Ксения посмотрела на Тамару Петровну. Та стояла, сцепив руки, и в её глазах было что-то, чего Ксения раньше не видела – смесь страха и надежды.

– Мы могли бы взять несколько работ на выставку в Твери, – продолжил Олег. – Если вы, конечно, согласны.

– Согласны? – Тамара Петровна вдруг рассмеялась. – Да я полжизни об этом мечтала!

– А ты, Ксюша? – Дима посмотрел на неё.

Ксения молчала. Её рисунки, её душу могли увидеть сотни людей. Это пугало. Но в то же время… это было то, чего она всегда хотела.

– Согласна, – тихо сказала она.

Вечером, когда гости разошлись, Ксения и Тамара Петровна сидели на веранде. Волга блестела под луной, а в воздухе пахло травой и свободой.

– Знаешь, Ксюша, – сказала свекровь, глядя на реку. – Я сюда ехала, думала, просто отдохну. А оказалось… я себя нашла.

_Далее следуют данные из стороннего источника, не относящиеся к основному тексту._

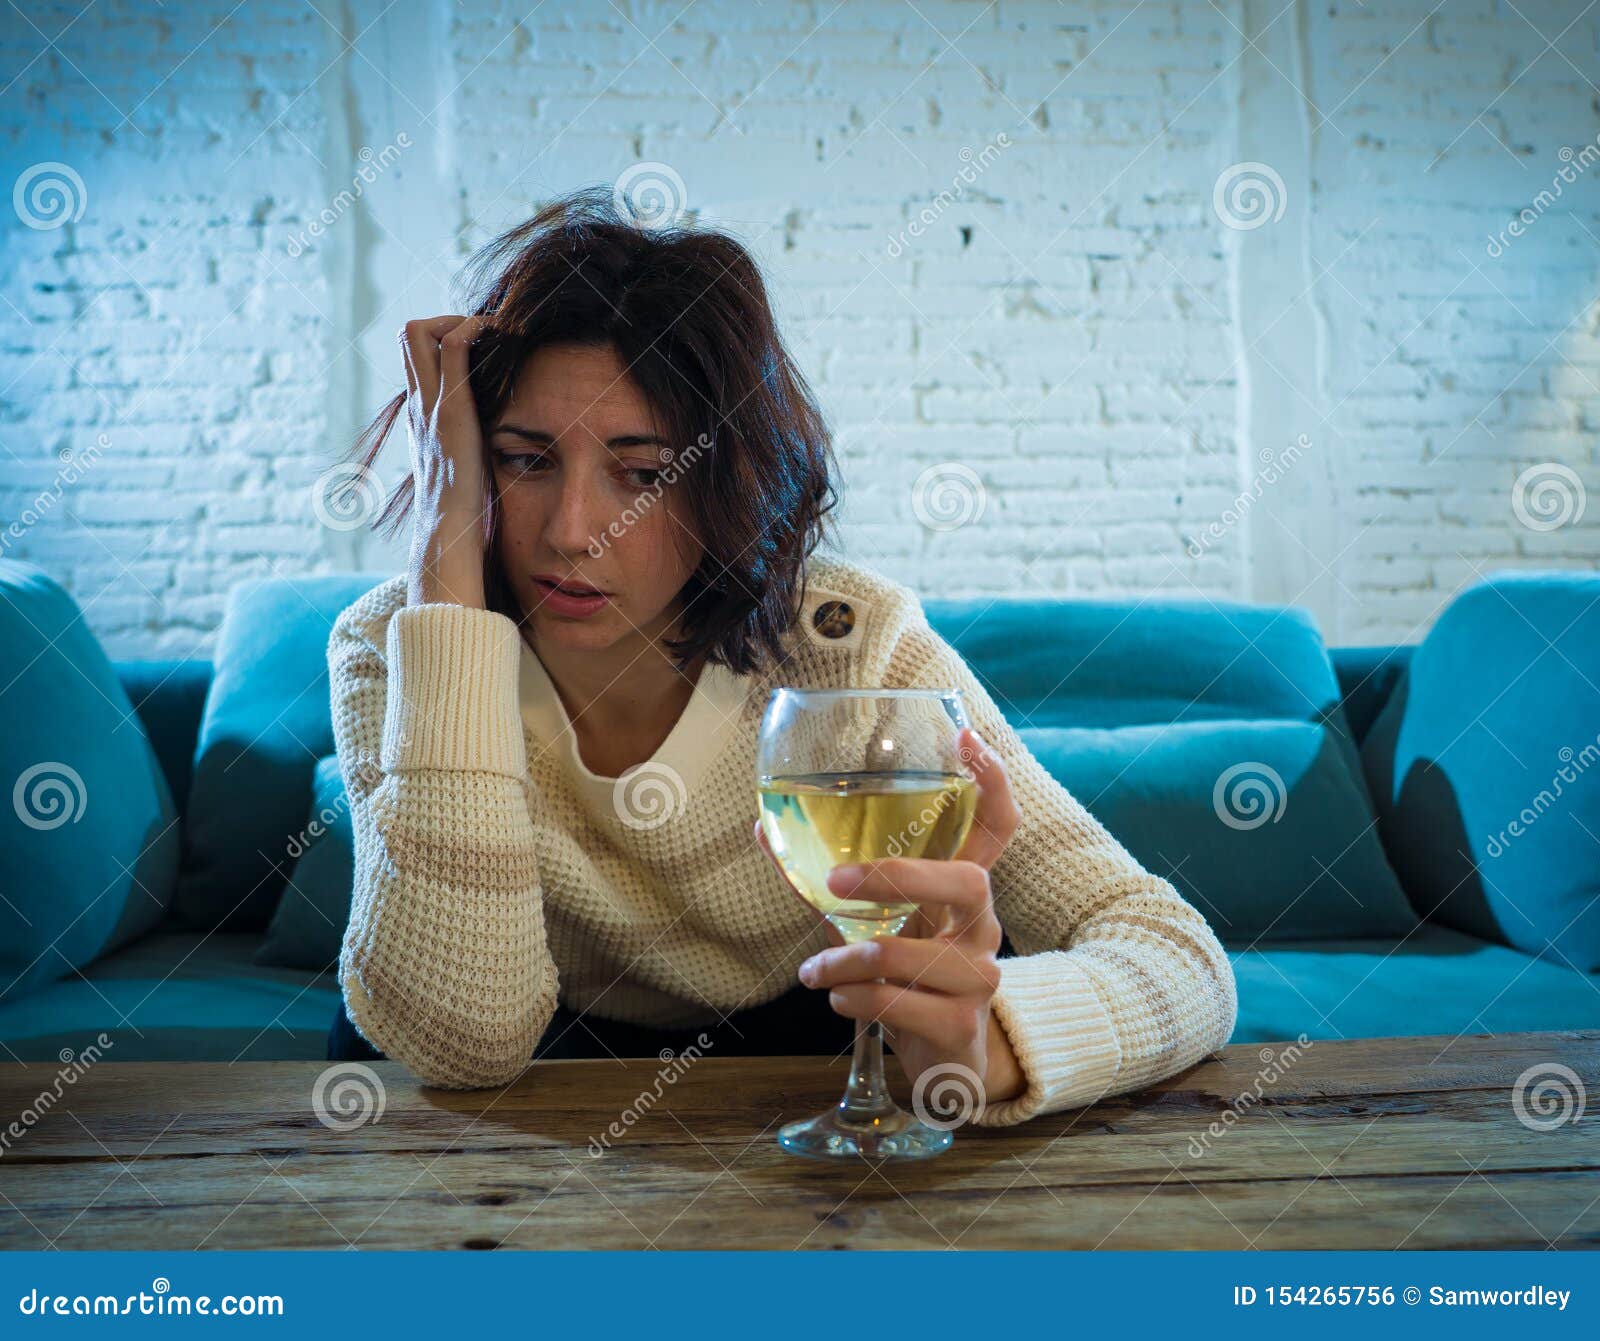 Sad, Unhappy, Helpless Woman Drinking Wine Alone At Home ...

– И я, – призналась Ксения. – Я думала, этот дом – только мой. А теперь… он наш.

Тамара Петровна посмотрела на неё и улыбнулась.

– Может, и правда остаться? – сказала она. – Хотя бы до конца лета.

– Останьтесь, – Ксения взяла её за руку. – Нам ещё много рисовать.

Они сидели молча, слушая, как река шепчет свои истории. И Ксения знала: что бы ни было дальше, этот дом, эта река, эта выставка – всё это теперь часть их обеих.